You can explore what commands are available by running the --help option:

ipums --help

In particular, suppose that you have specified an extract in an ipums.yml file as described in the getting started guide.

description: Simple IPUMS extract
collection: usa
api_version: beta
samples:
  - us2012b
variables:
  - AGE
  - SEX

Then you can submit, wait for, and download the extract in a single line:

ipums submit-and-download -k <IPUMS_API_KEY> ipums.yml

Much of the rest of the functionality of the library is also available on the command line, as this document describes.

Environment Variables#

For security, it is recommended that you not pass your API key directly on the command line. The ipums command will look for your API key in the IPUMS_API_KEY environment variable.

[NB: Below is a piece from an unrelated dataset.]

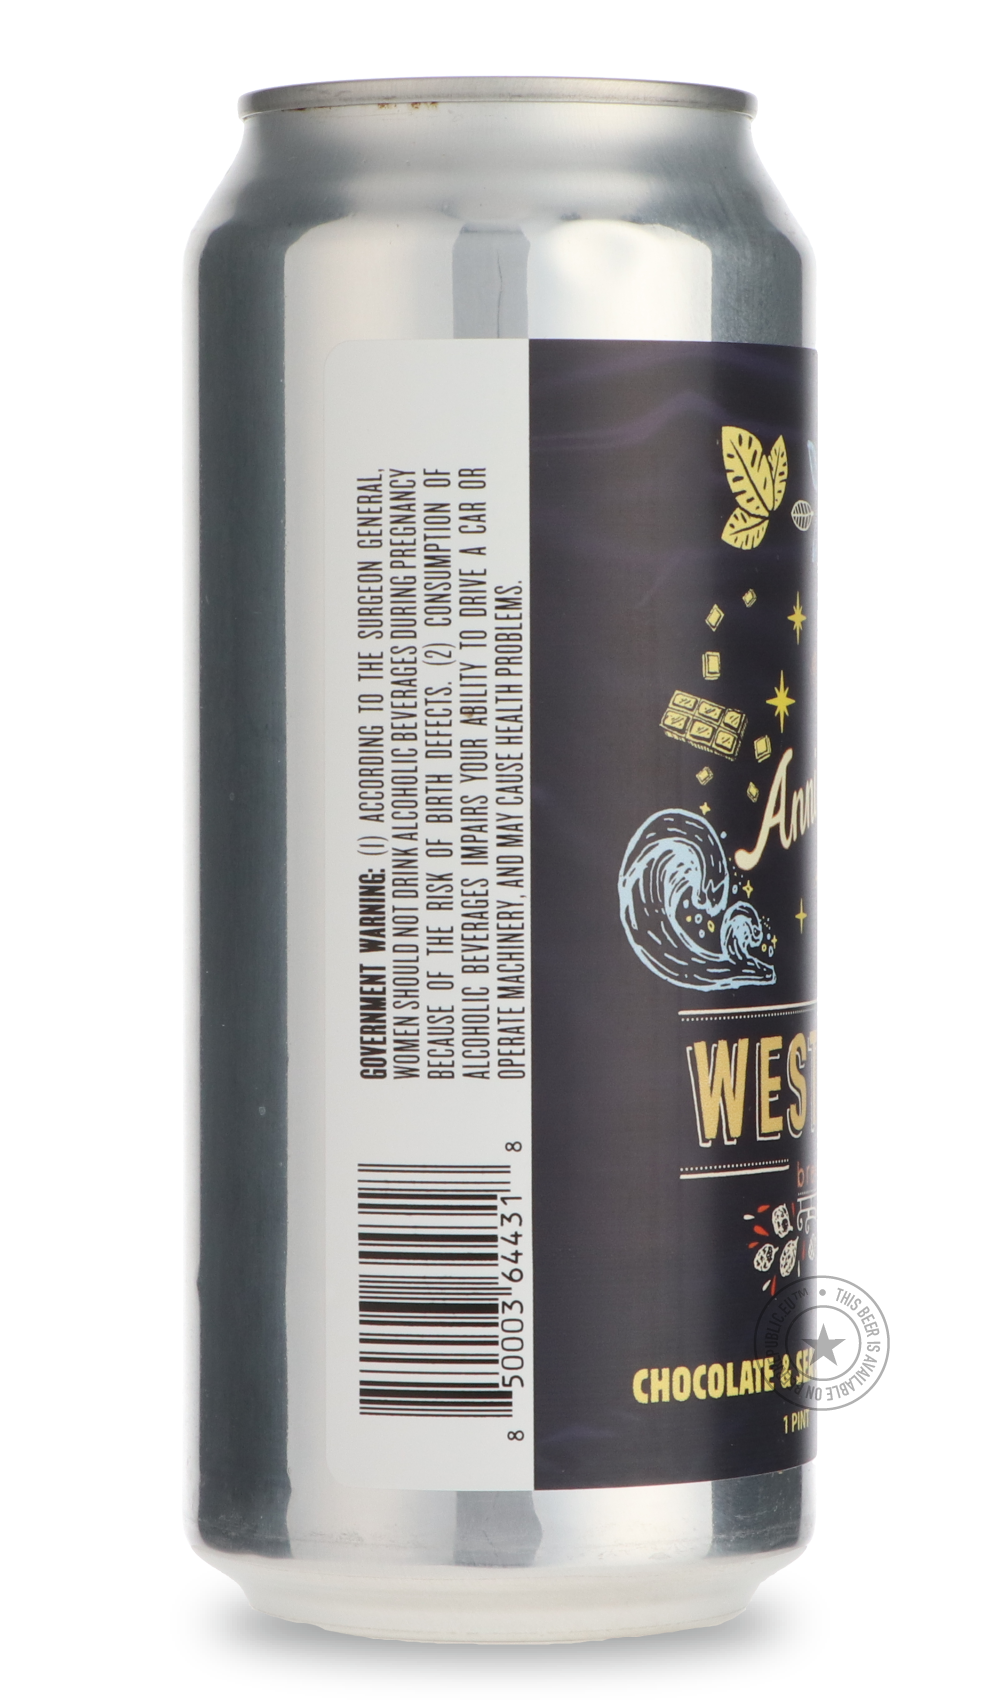 -Westbrook- 13th Anniversary Chocolate & Sea Salt-Stout & Porter- Only @ Beer Republic - The best online beer store for American & Canadian craft beer - Buy beer online from the USA and Canada - Bier online kopen - Amerikaans bier kopen - Craft beer store - Craft beer kopen - Amerikanisch bier kaufen - Bier online kaufen - Acheter biere online - IPA - Stout - Porter - New England IPA - Hazy IPA - Imperial Stout - Barrel Aged - Barrel Aged Imperial Stout - Brown - Dark beer - Blond - Blonde - Pilsner - Lager

Specifying Multiple Extracts#

You may create mutliple files specifying extracts. For instance, in addition to the ipums.yml described above, you might also have a file called ipums_with_race.yml which contains the following:

description: Another extract
collection: usa
api_version: beta
samples:
  - us2012b
variables:
  - AGE
  - SEX
  - RACE

Then the following command would submit and download this extract:

ipums submit-and-download -k <IPUMS_API_KEY> ipums_with_race.yml

Alternatively, the submit-and-download command also allows you to specify multiple extracts simultaneously. To do so, specify the ipums_multiple.yml file as follows:

extracts:
- description: Simple IPUMS extract
  collection: usa
  api_version: beta
  samples:
    - us2012b
  variables:
    - AGE
    - SEX
- description: Another extract
  collection: usa
  api_version: beta
  samples:
    - us2012b
  variables:
    - AGE
    - SEX
    - RACE

Note that this specifies a dictionary with one key (extracts) whose value is a list of extract specifications. Then you can submit and download these extracts with the command:

ipums submit-and-download -k <IPUMS_API_KEY> ipums_multiple.yml

Step-by-Step#

The introduction provided an all-in-one command submit-and-download that submits, waits for, and downloads and IPUMS extract. But sometimes you may wish to break up the steps (e.g., you want to redownload an extract that has already been prepared). This functionlaity is available via the submit, check, and download commands:

ipums submit -k <IPUMS_API_KEY> ipums.yml
# Your extract for collection usa has been successfully submitted with number 10

ipums check -k <IPUMS_API_KEY> 10
# Extract 10 in collection usa has status started

# "started" means that your extract has been queued
# You should wait until the status is "completed"
ipums check -k <IPUMS_API_KEY> 10
# Extract 10 in collection usa has status completed

ipums download -k <IPUMS_API_KEY> 10

Extra options#

These commands provide several extra options, which may be found by running any command with the --help option, for example:

ipums submit --help

Here we enumerate a few for reference:

  • -k: For commands that require your API key, this is used to specify the API key. In every case, you can also specify your key via the IPUMS_API_KEY environment variable.

  • -o: For commands that download an extract, this may be used to specify which directory the extract will be downloaded to. The default is always the current directory.

Parquet#

For repeated use of a data set, we encourage you to store the data set as parquet. This will greatly facilitate loading the data into memory or working with tools like dask. We’ve provided a convenient command line tool for this conversion.

Suppose you’ve downloaded an extract into usa_00006.dat whose DDI is specified in usa_00006.xml. Then you can convert this to a parquet file called usa_00006.parquet as follows:

ipums convert usa_00006.xml usa_00006.dat usa_00006.parquet

Once you have the parquet file in hand, you can load it the same way you would any other IPUMS file:

import ipumspy

ddi = ipumspy.read_ipums_ddi(ddi_file)
ipums_df = ipumspy.read_microdata(ddi, "usa_00006.parquet")